After training RDF2Vec embeddings using the gpuRDF2vec package, you can retrieve the vector representations for all entities used within the knowledge graph. Similarly to the GPU-based training process, the retrieval of embeddings is also optimized for performance by building on top of DLPack to extract the vectors directly from GPU memory. This allows you to handle large-scale knowledge graphs efficiently.

The following example demonstrates how to perform this retrieval process:

from rdf2vecgpu import GPU_RDF2Vec, RDF2VecConfig

# Initialize the GPU_RDF2Vec pipeline
config = RDF2VecConfig(
    walk_strategy="random",
    walk_depth=4,
    walk_number=100,
    embedding_model="skipgram",
    epochs=5,
    batch_size=None,
    vector_size=100,
    window_size=5,
    min_count=1,
    learning_rate=0.01,
    negative_samples=5,
    random_state=42,
    reproducible=False,
    multi_gpu=False,
    generate_artifact=False,
    cpu_count=20,
)
gpu_rdf2vec_model = GPU_RDF2Vec(config=config)

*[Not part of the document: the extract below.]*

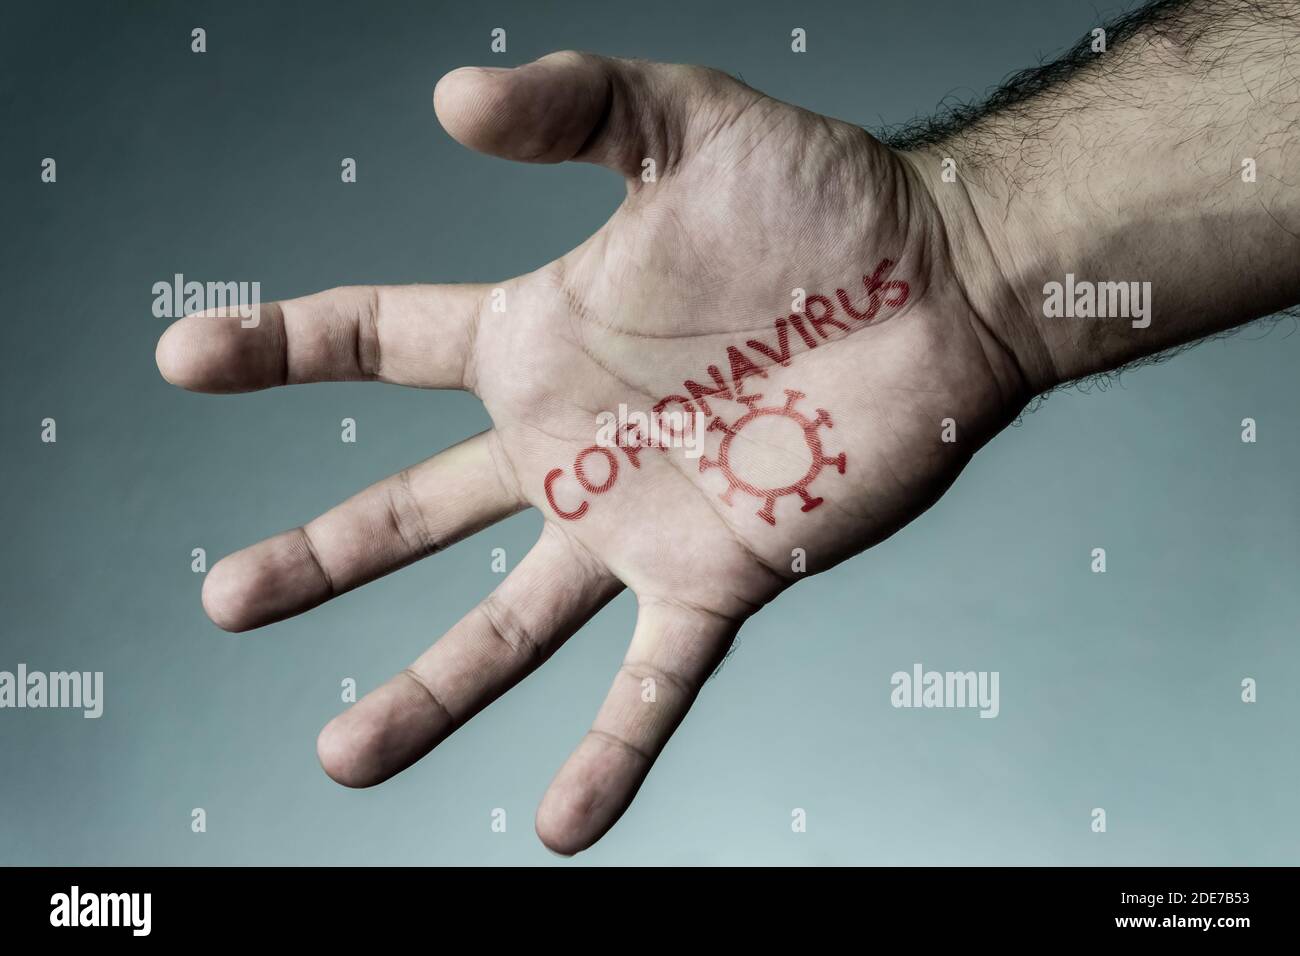 Coronavirus text written on hand of man. Covid-19, Coronavirus, SARS-CoV-2 outbreak. Coronavirus concept and background. Stock Photo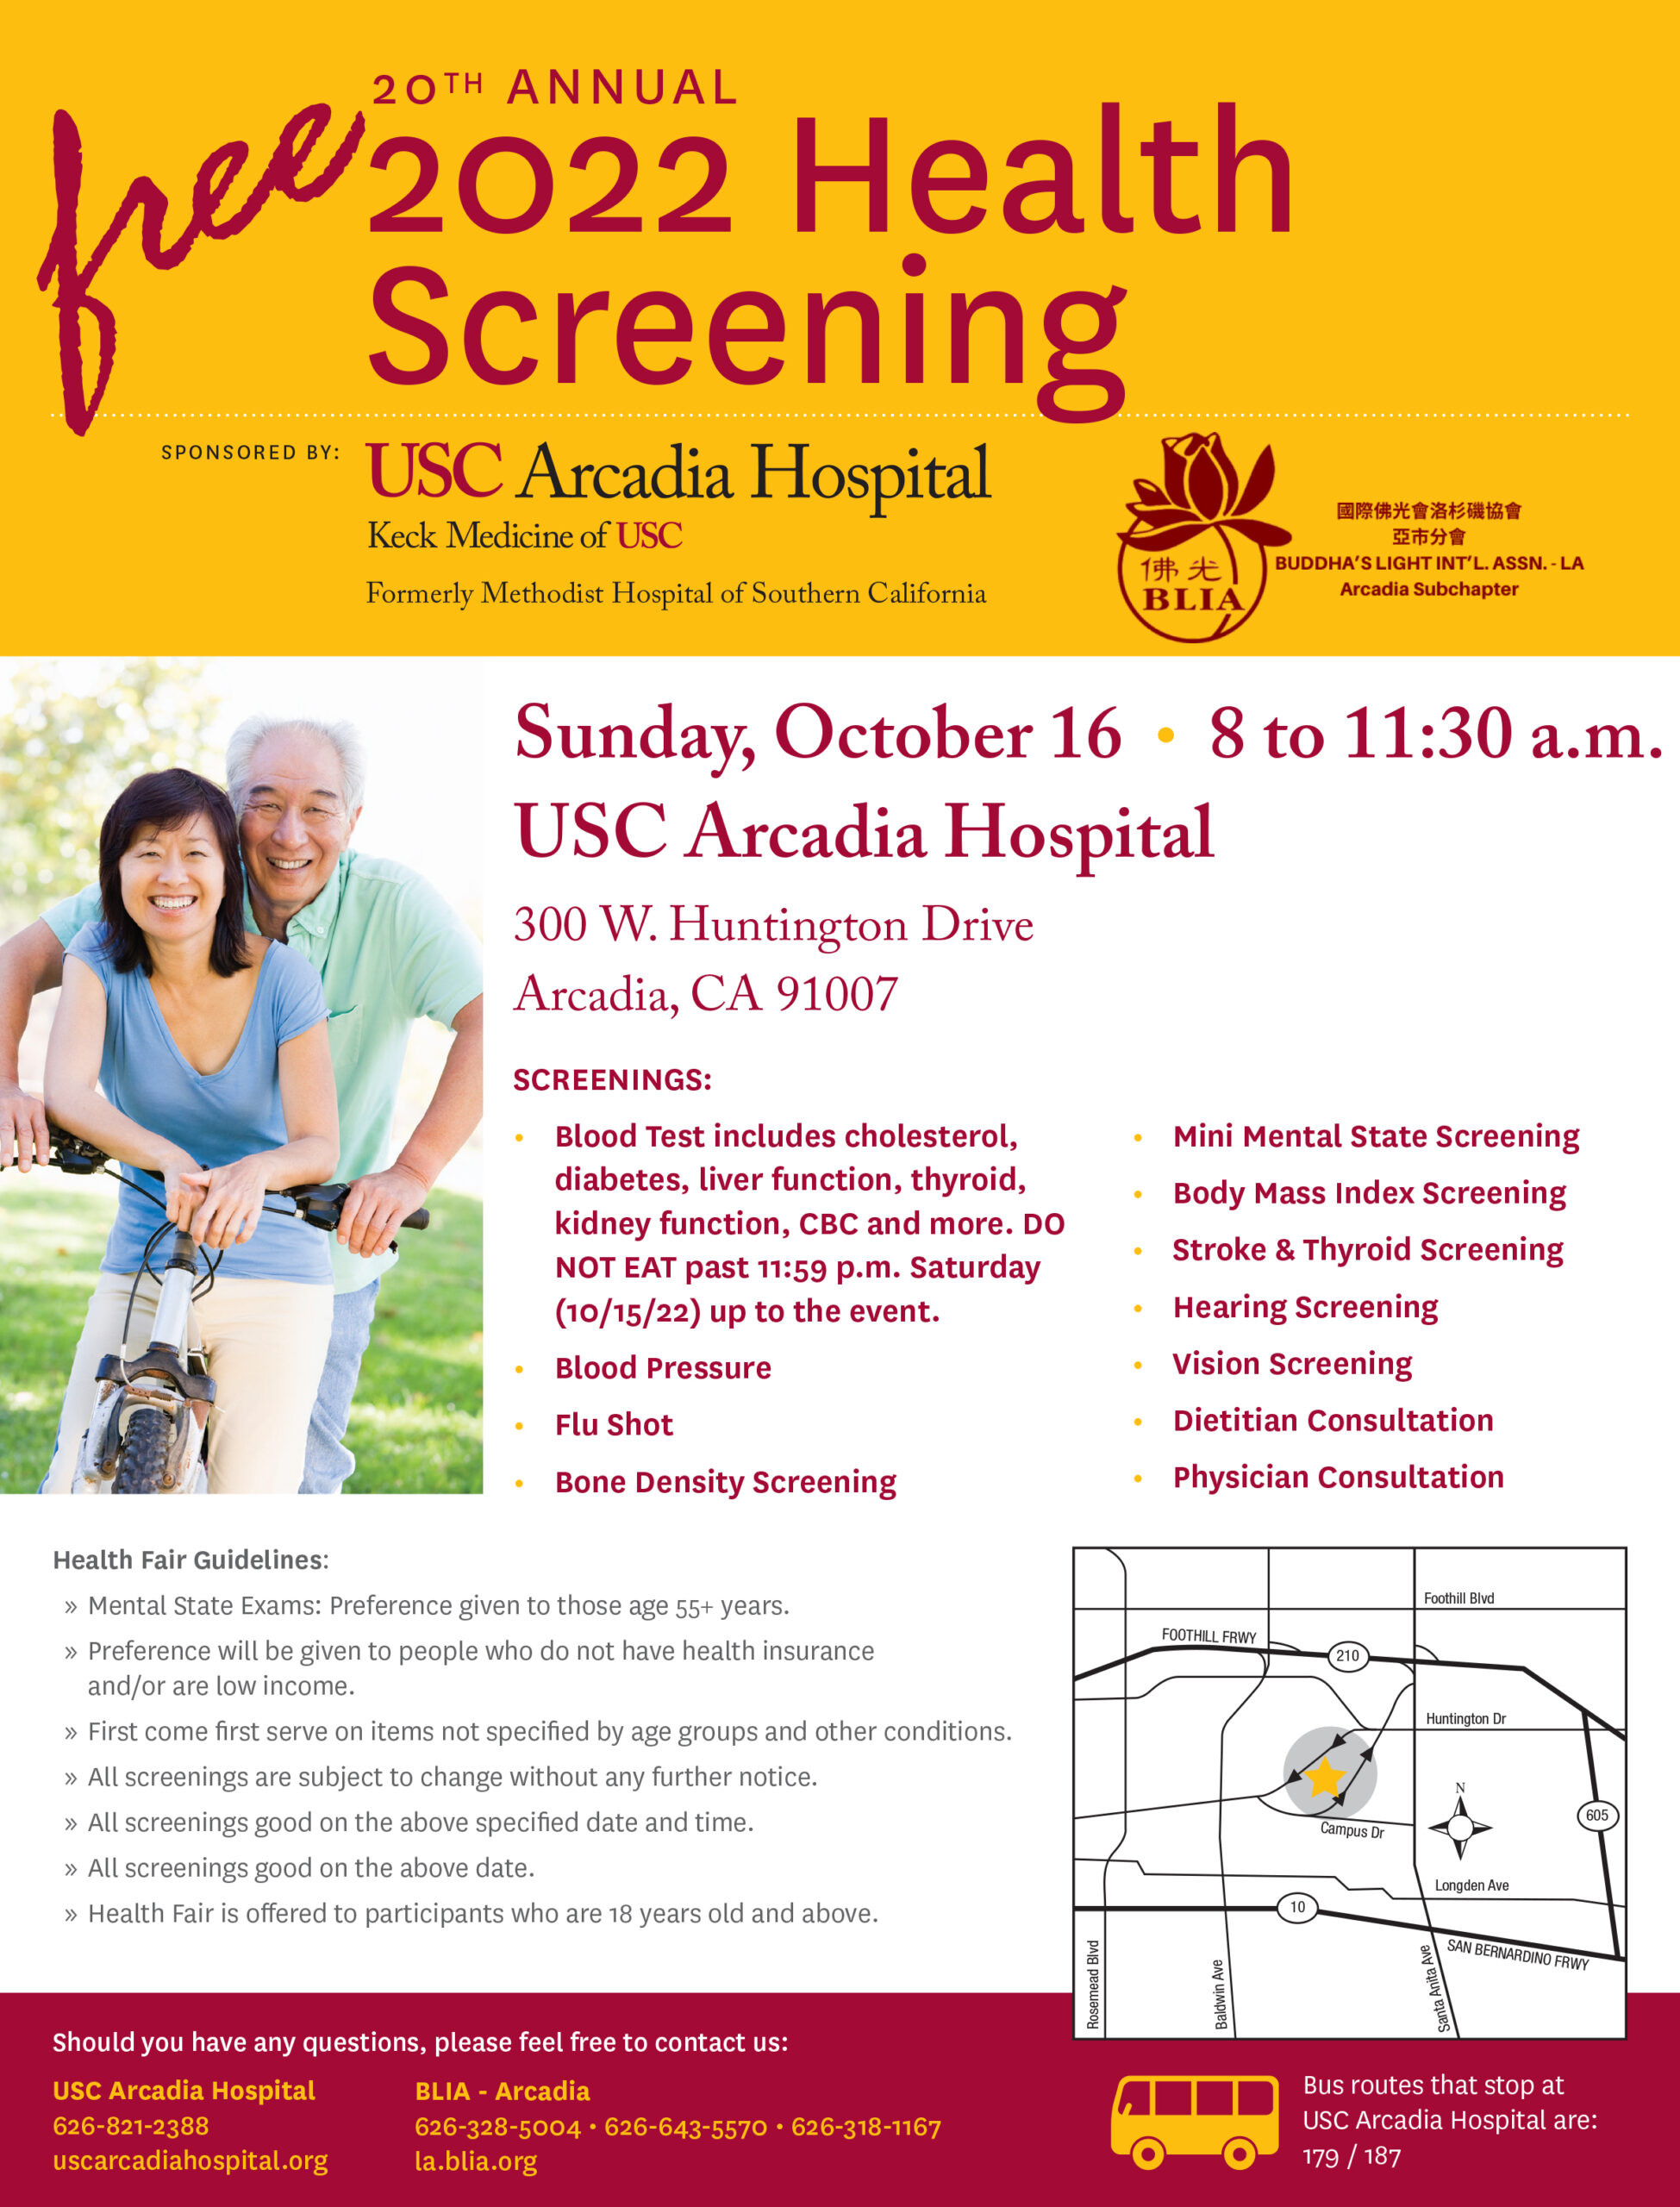 USC Arcadia Hospital free 2022 health screening

# Read the knowledge graph
edge_data = gpu_rdf2vec_model.read_data("data/wikidata5m/wikidata5m_kg.parquet")

# Train the RDF2Vec embeddings
gpu_rdf2vec_model.fit(edge_df=edge_data, walk_vertices=None)

# Retrieve the embeddings for all entities
embeddings = gpu_rdf2vec_model.transform()

The transform method returns a cuDF dataframe where the keys are the entity URIs, together with the internal integer-based ID and the embedding vectors. If you set generate_artifact=True during the configuration, the embeddings will also be saved to disk in the specified output directory as a Parquet file.